*** Opening Available records ***

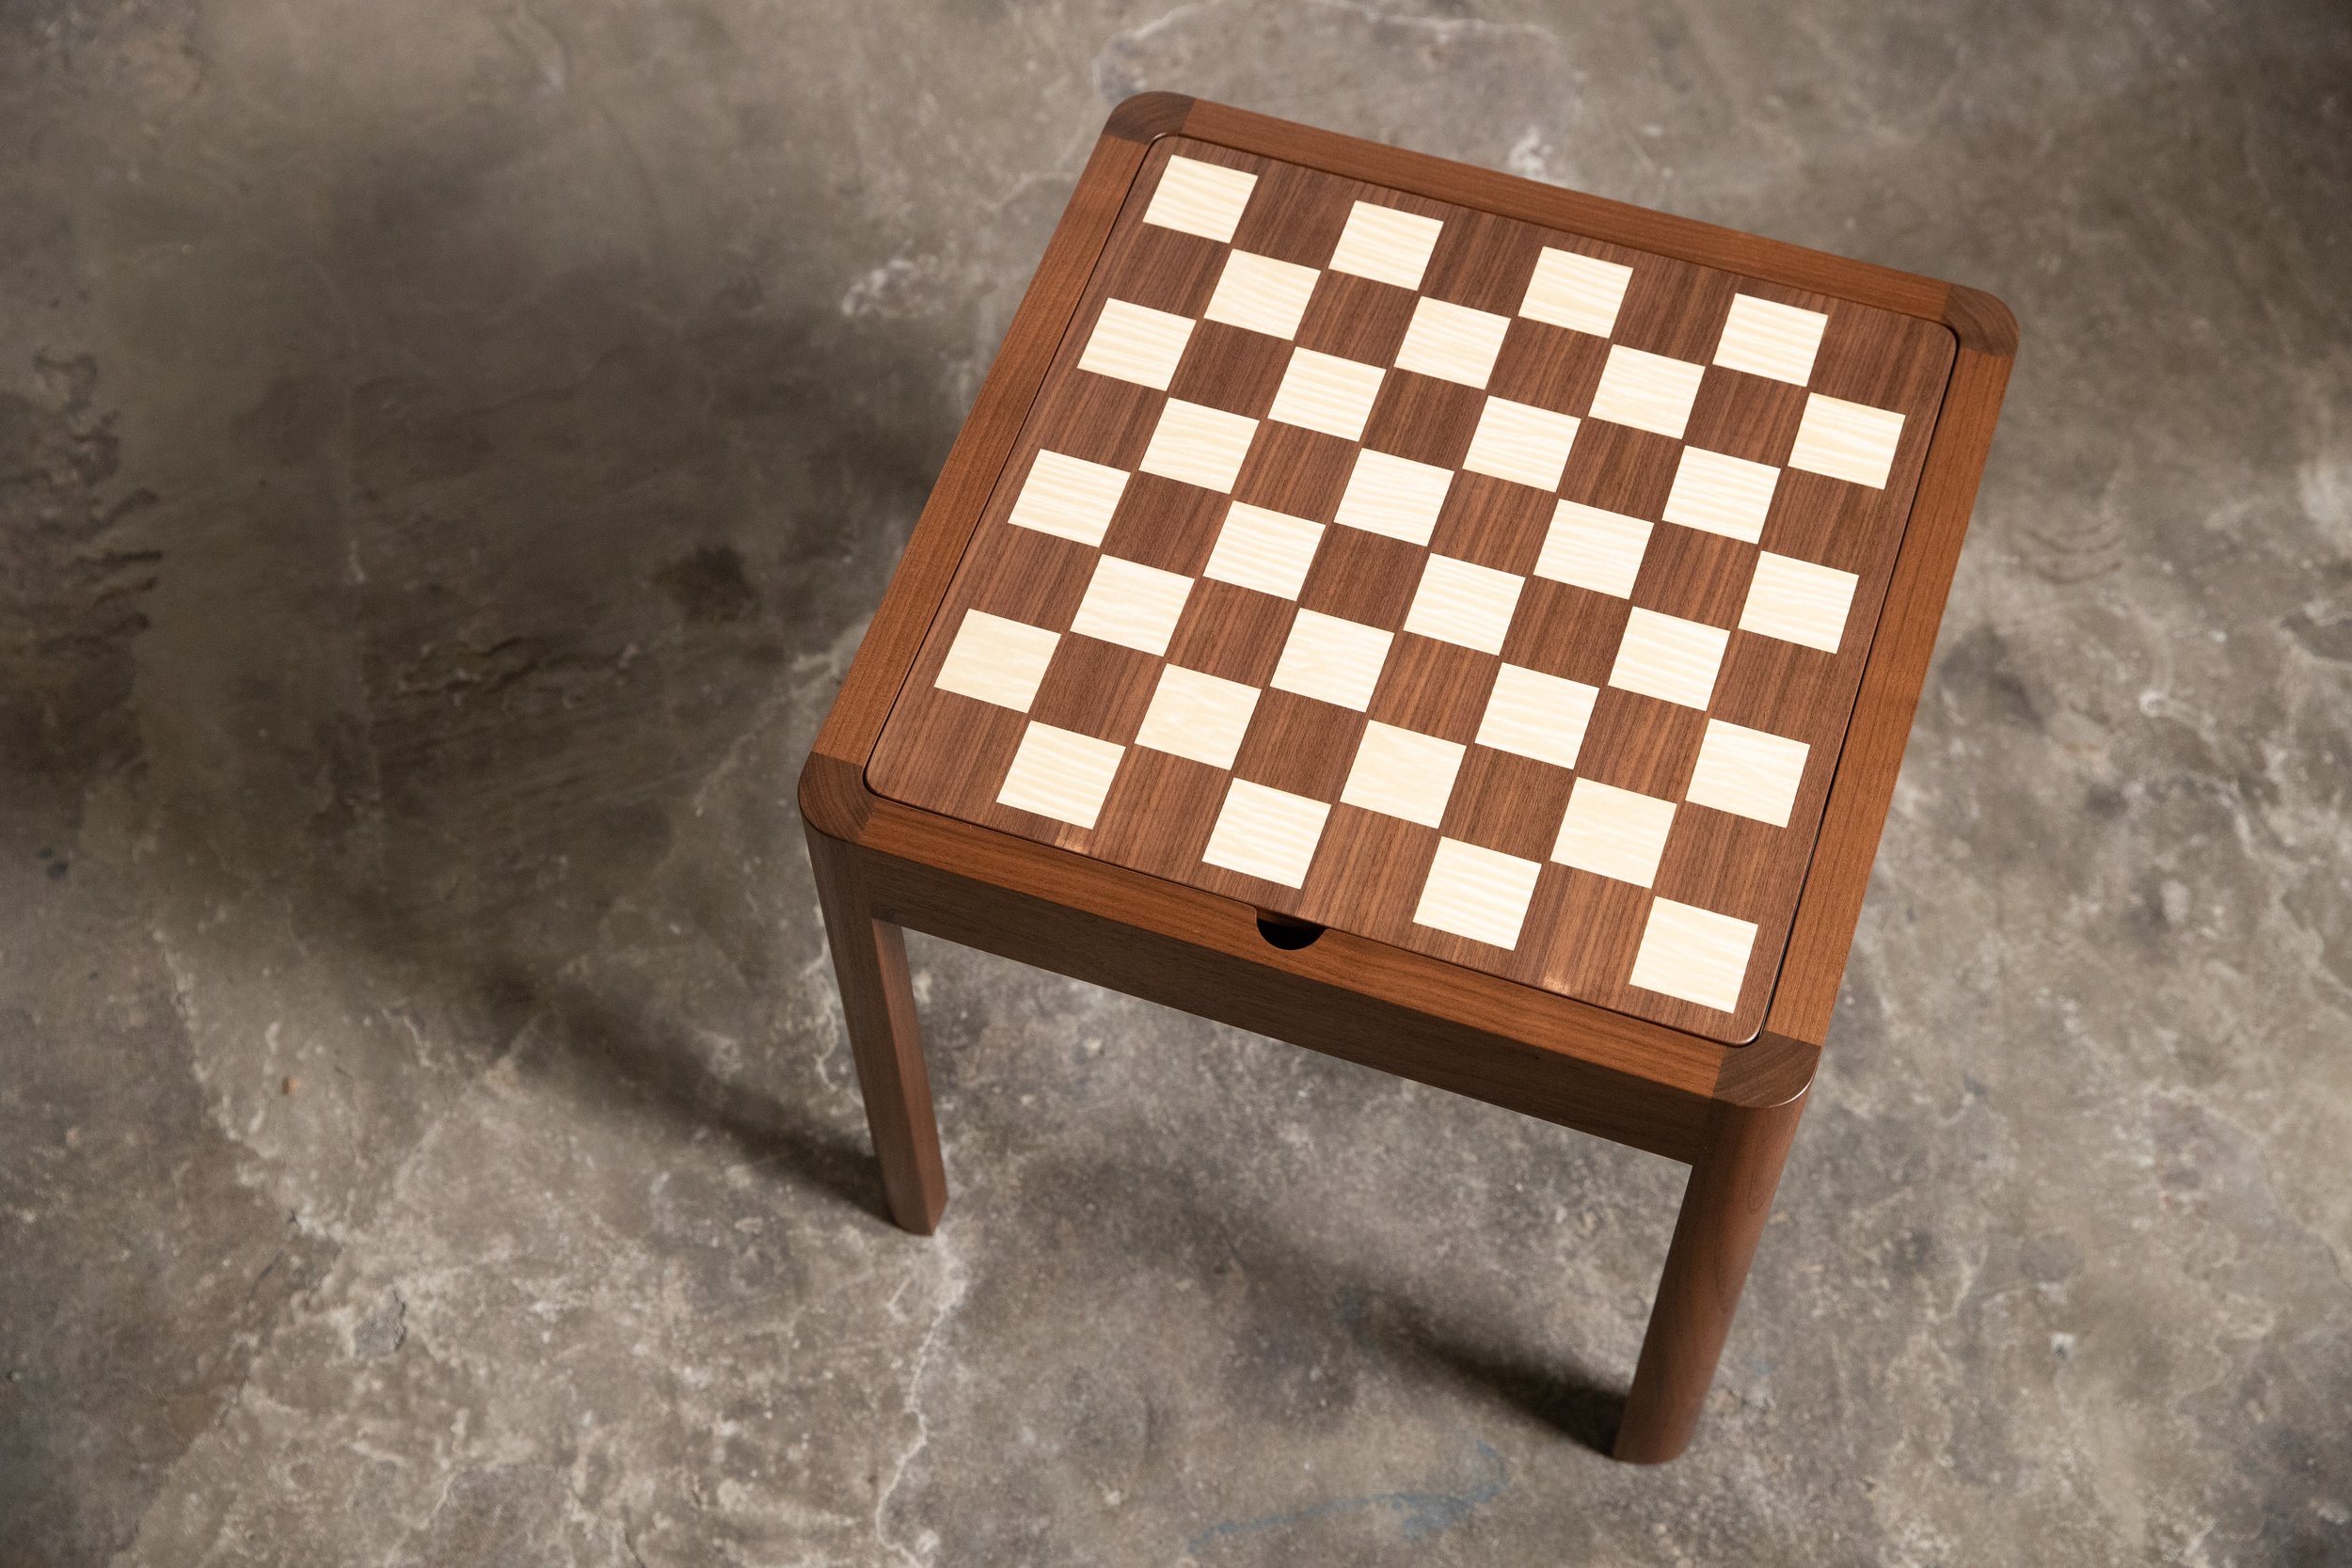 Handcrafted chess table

*** Closing Available records ***
*** Opening Available records ***

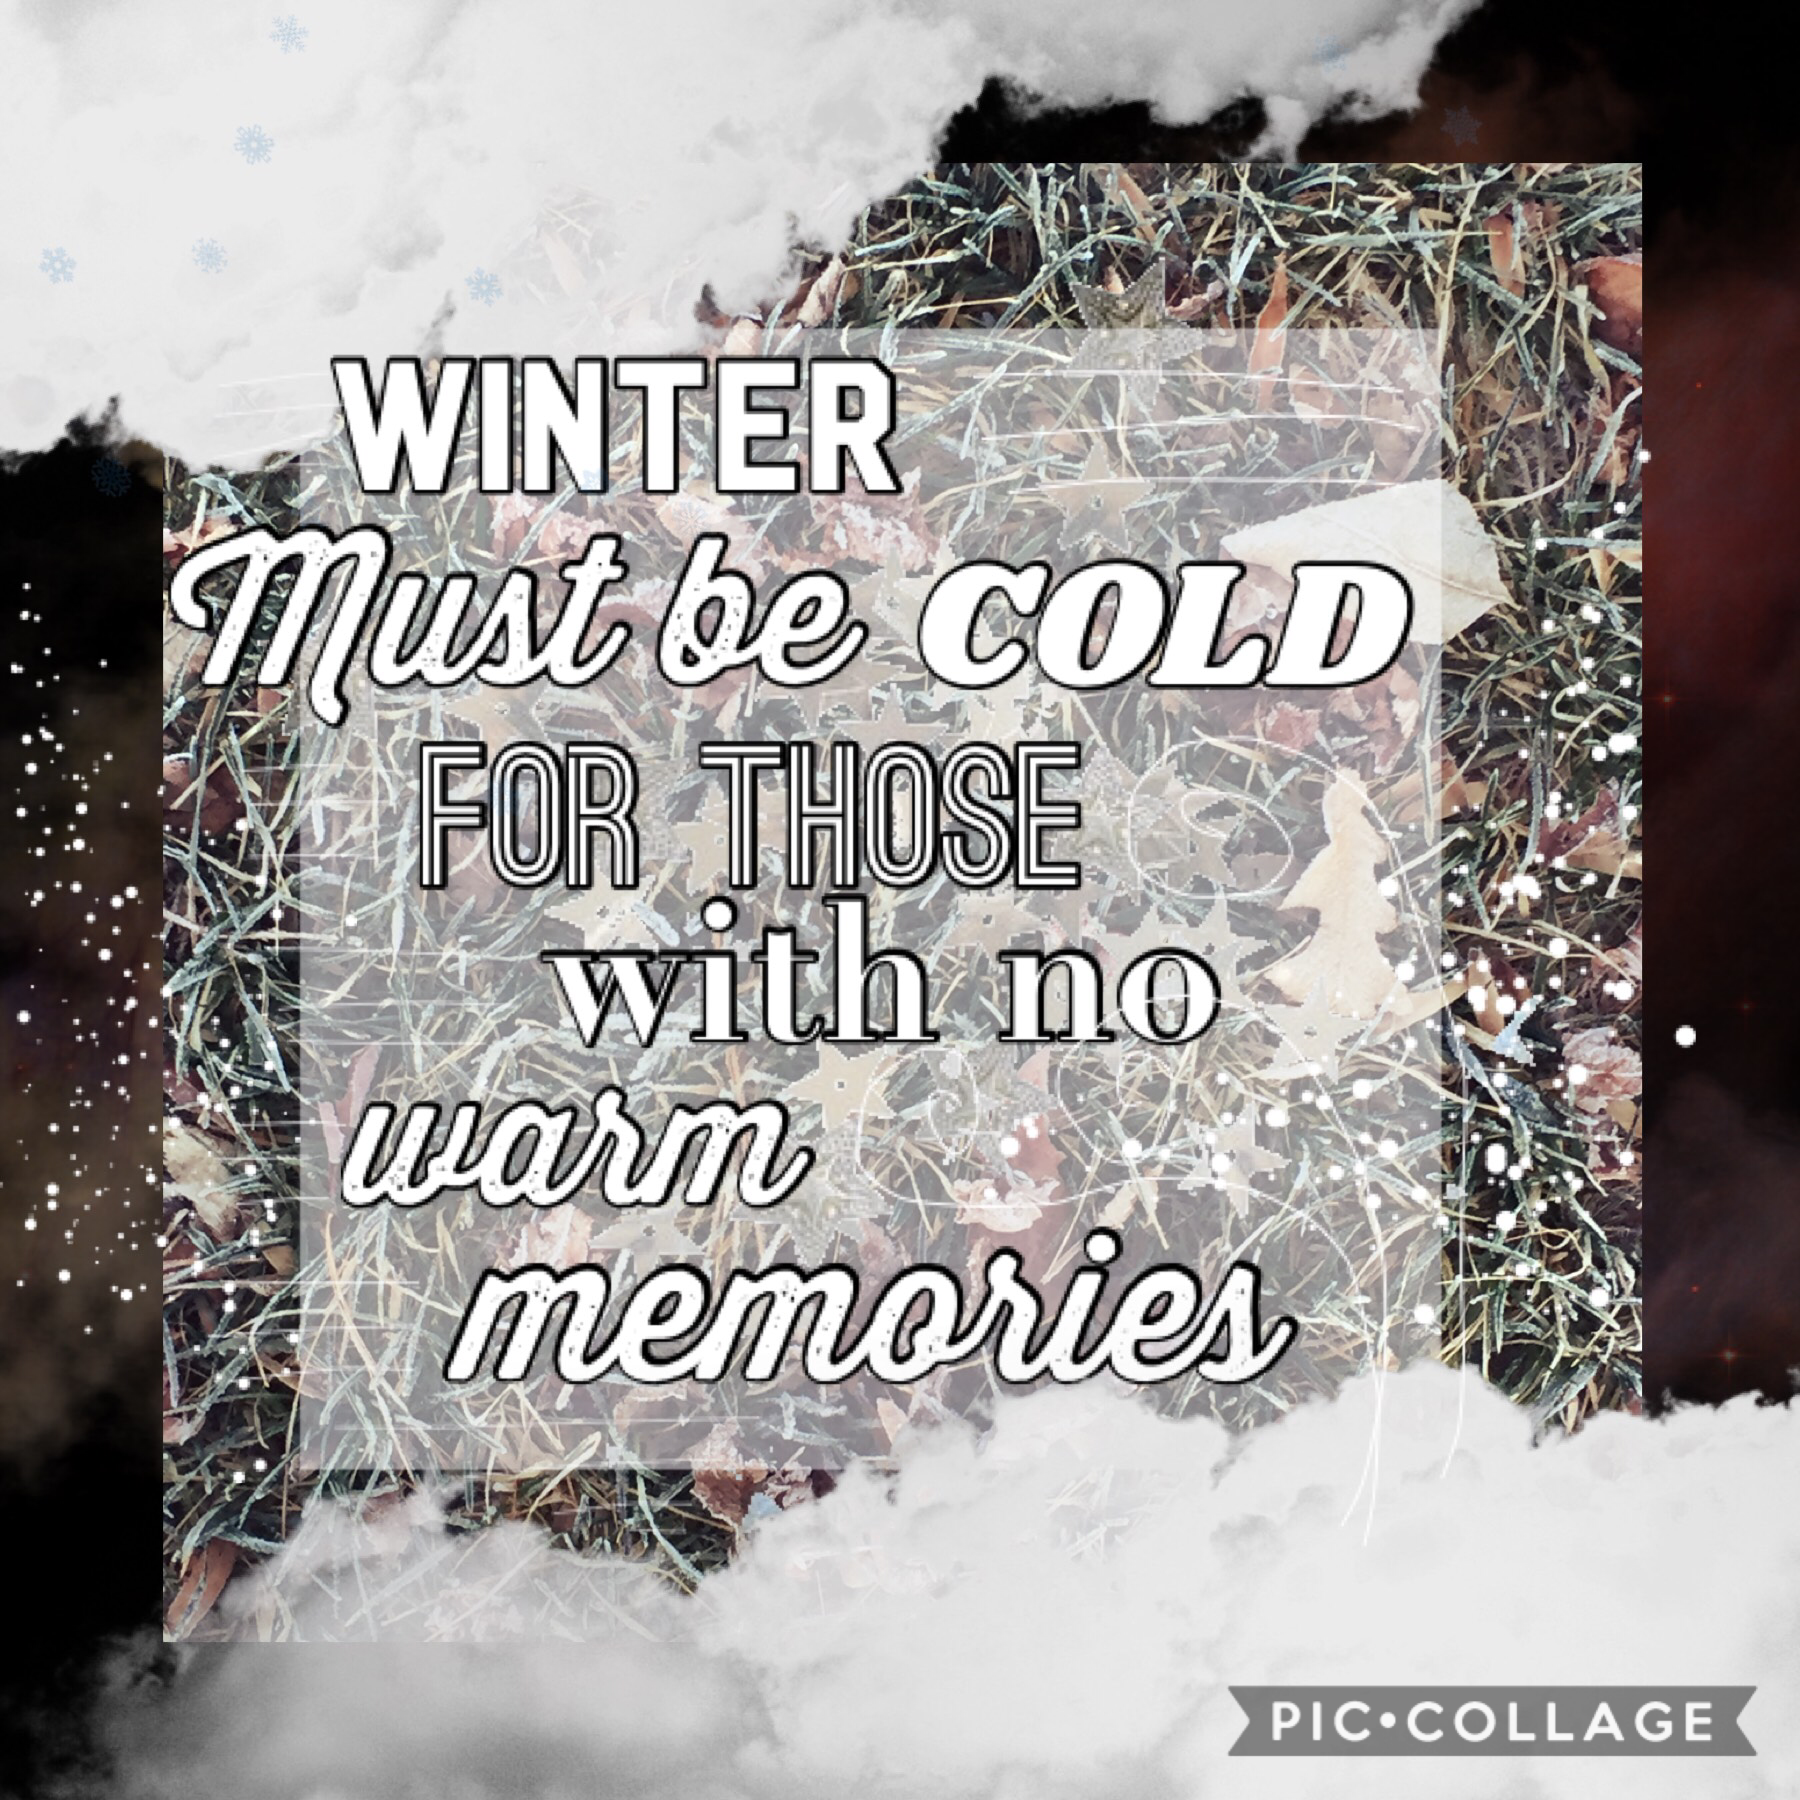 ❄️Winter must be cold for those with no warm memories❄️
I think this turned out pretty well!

*** Closing Available records ***

▶ _What needs to be done_
Skip every picture, and restate word for word only the lines above from the line containing "no warm memories❄️" to the line containing "I think this turned out pretty well!", both of them included.

▶ _Response area_
 ❄️Winter must be cold for those with no warm memories❄️
I think this turned out pretty well!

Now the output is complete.